Forgetting the starting index Always state it; verify a closed form against the first 2–3 terms.
$0! = 0$ $0! = 1$ (empty product / one way to order nothing).
Using geometric formula when $r=1$ Division by zero; handle $r=1$ separately ($\sum = an$).
Expecting every sum to have a tidy closed form $H_n$ doesn't — know its growth $\Theta(\log n)$ instead.
Index-shift without compensating Shift limits and rewrite the summand; the terms must not change.

Toolkit additions (dmtoolkit/recurrences.py, continued from Ch. 6)

summation(term, lo, hi)        # sum_{i=lo}^{hi} term(i), inclusive; empty -> 0
arithmetic_sum(first, diff, n) # n*(2*first + (n-1)*diff)//2
geometric_sum(first, ratio, n) # first*(ratio**n - 1)//(ratio - 1), ratio != 1

Pair each closed form with check_identity (Ch. 6) against summation to test it before trusting it — evidence, then (via the proofs in 11.3) certainty.

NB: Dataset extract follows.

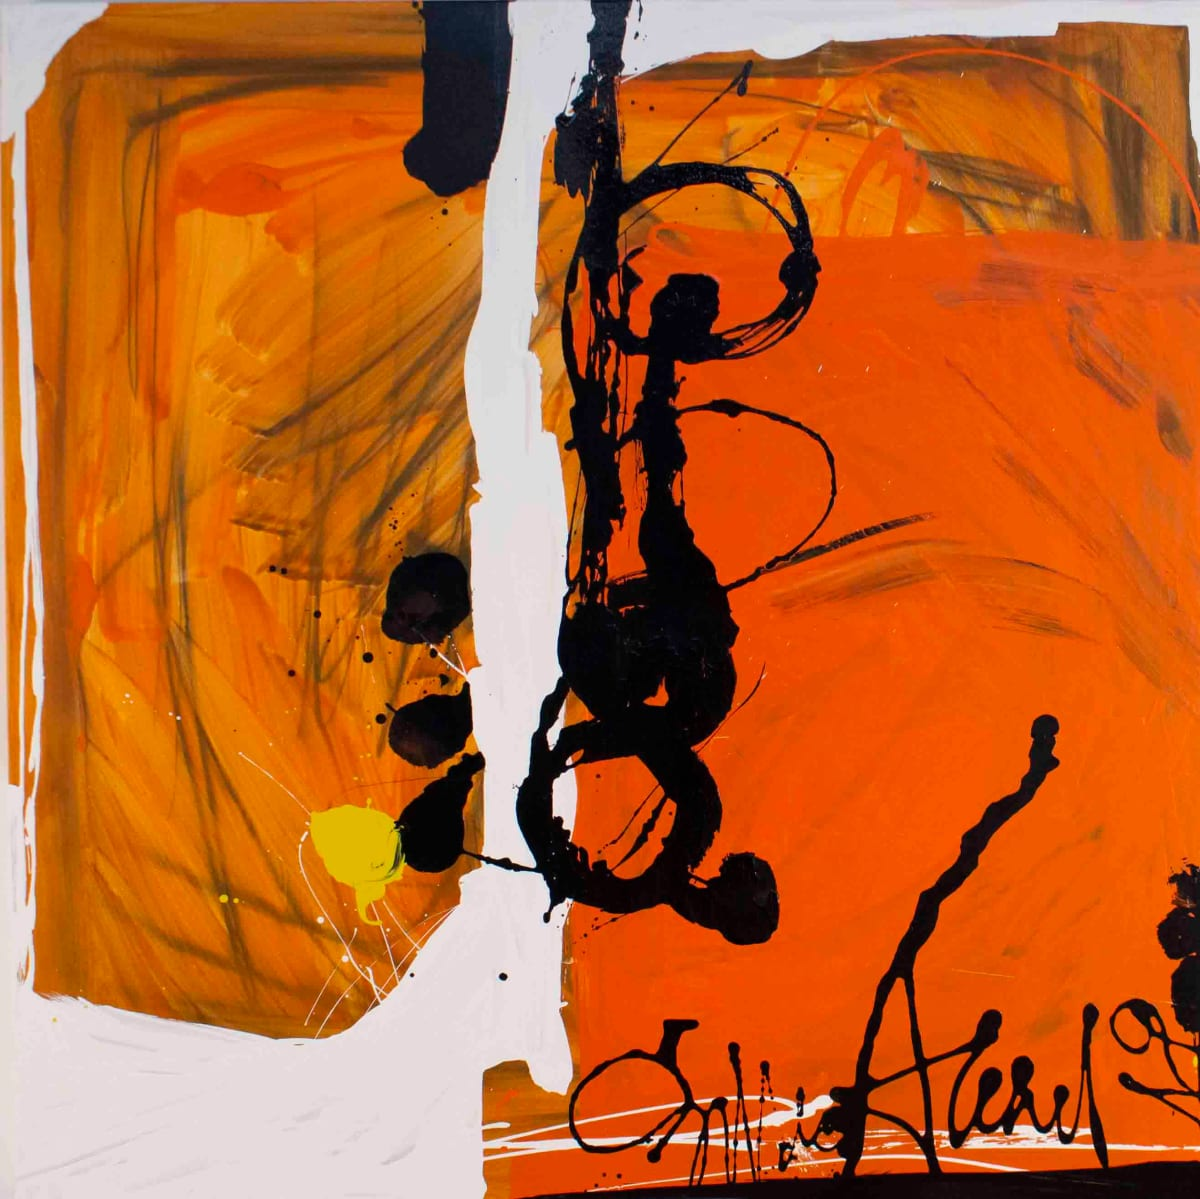 Serie 4x3 - Jorge SM

One-sentence techniques to carry forward

  • Arithmetic: fold the sum onto itself (forwards + backwards), every column is first + last.
  • Geometric: multiply by $r$ and subtract; the middle cancels.
  • Telescoping: rewrite the summand as a consecutive difference; only the endpoints survive — and this derives power-sum formulas, it doesn't just verify them.
  • Closed form vs. recurrence: the same sequence; closed form is $O(1)$ random access, a recurrence is $O(n)$ sequential — converting one to the other is the work of Chapters 18–19.